| DIRECTIONS |
Look in the data below for the line that contains "Rete da pesca in". Copy that line and the remaining lines exactly.

Content starts

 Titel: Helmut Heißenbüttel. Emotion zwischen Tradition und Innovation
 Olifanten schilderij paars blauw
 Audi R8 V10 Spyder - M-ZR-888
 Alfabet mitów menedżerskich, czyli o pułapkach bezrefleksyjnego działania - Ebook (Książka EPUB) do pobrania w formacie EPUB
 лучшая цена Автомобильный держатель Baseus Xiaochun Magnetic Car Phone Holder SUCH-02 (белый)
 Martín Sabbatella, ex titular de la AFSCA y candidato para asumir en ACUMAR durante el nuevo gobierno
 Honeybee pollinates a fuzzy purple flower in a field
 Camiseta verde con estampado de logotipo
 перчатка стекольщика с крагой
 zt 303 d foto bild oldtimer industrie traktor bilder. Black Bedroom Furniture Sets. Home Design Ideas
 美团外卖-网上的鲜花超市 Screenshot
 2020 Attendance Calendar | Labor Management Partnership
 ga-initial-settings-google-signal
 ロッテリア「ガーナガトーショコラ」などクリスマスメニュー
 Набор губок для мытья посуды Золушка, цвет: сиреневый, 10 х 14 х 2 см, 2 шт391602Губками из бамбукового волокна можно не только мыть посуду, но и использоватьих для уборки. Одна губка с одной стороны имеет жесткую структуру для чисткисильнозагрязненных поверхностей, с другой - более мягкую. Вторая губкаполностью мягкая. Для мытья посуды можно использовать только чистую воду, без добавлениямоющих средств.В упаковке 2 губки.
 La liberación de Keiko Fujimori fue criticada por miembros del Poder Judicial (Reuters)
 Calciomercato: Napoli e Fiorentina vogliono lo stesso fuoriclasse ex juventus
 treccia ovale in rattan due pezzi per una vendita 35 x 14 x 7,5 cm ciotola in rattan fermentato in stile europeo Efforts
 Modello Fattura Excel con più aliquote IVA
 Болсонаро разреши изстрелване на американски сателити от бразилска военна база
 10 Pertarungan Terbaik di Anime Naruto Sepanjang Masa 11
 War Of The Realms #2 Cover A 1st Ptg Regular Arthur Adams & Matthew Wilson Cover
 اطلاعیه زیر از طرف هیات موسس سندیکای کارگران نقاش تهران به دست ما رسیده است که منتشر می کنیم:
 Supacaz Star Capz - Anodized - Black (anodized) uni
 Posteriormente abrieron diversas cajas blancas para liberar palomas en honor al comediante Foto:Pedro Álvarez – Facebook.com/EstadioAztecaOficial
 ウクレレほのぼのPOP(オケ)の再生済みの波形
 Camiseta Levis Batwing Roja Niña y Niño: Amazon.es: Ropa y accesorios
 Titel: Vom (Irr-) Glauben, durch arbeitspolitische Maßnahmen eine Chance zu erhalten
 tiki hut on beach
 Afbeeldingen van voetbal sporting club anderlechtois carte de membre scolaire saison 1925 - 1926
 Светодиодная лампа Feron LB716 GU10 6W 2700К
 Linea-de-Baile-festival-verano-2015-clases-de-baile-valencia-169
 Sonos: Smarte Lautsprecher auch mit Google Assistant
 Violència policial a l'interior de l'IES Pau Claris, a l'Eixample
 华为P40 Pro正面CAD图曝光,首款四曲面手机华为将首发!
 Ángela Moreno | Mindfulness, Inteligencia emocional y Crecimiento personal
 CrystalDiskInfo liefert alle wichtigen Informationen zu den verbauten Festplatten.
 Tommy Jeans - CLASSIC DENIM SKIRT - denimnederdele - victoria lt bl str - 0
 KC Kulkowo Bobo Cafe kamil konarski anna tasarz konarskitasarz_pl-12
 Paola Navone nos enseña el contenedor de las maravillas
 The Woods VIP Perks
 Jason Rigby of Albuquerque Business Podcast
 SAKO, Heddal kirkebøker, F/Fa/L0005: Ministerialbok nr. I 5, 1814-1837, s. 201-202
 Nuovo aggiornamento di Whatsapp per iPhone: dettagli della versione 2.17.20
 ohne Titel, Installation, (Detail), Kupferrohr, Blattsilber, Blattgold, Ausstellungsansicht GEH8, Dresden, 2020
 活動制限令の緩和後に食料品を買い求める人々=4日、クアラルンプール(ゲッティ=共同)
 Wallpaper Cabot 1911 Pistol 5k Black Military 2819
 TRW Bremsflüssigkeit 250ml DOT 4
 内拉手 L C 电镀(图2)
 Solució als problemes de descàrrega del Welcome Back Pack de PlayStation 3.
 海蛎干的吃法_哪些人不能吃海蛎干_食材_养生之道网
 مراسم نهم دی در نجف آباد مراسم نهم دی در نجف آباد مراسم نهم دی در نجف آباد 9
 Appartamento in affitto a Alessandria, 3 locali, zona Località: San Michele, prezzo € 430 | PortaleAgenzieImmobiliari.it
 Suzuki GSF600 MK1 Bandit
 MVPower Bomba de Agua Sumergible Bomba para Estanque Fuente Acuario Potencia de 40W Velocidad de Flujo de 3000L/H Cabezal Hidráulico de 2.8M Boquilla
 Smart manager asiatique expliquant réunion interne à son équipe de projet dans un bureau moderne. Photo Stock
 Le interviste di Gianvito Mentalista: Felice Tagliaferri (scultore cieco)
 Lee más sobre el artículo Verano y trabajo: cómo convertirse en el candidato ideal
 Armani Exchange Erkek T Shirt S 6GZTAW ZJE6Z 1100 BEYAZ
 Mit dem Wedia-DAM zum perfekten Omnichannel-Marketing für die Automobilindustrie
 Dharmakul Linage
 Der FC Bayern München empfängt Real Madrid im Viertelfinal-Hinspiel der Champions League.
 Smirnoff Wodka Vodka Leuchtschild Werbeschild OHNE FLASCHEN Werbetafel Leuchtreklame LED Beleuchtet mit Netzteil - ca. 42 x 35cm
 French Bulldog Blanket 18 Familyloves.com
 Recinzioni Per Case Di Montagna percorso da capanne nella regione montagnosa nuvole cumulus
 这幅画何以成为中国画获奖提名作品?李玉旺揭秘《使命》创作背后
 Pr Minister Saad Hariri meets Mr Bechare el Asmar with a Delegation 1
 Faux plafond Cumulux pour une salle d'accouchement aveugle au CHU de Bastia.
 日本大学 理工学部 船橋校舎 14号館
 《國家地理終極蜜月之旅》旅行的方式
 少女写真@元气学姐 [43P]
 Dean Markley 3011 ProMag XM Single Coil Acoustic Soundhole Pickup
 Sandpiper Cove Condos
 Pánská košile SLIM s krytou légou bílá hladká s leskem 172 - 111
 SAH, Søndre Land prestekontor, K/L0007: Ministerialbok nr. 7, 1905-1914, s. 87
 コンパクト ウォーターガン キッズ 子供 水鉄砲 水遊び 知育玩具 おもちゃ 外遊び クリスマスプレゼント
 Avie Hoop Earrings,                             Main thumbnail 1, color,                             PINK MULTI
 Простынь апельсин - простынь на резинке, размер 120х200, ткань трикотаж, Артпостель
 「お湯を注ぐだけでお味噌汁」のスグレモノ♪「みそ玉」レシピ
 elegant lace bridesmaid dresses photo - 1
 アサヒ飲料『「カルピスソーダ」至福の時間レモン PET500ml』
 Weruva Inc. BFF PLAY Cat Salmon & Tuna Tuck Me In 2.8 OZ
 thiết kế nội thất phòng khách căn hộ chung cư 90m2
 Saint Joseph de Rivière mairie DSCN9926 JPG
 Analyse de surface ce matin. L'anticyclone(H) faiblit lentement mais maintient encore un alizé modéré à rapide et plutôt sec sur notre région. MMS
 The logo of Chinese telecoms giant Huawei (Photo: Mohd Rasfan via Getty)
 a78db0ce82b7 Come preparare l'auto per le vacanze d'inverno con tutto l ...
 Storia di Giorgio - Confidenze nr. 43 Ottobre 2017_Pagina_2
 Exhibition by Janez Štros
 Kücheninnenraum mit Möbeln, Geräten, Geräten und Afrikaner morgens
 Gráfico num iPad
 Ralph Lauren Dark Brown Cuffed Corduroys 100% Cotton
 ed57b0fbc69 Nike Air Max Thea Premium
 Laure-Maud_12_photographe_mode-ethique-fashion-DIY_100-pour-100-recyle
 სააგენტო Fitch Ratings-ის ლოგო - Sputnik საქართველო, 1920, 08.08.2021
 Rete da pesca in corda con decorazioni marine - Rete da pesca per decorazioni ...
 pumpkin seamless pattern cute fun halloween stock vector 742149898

Content ends

| TASK RESPONSE |
 Rete da pesca in corda con decorazioni marine - Rete da pesca per decorazioni ...
 pumpkin seamless pattern cute fun halloween stock vector 742149898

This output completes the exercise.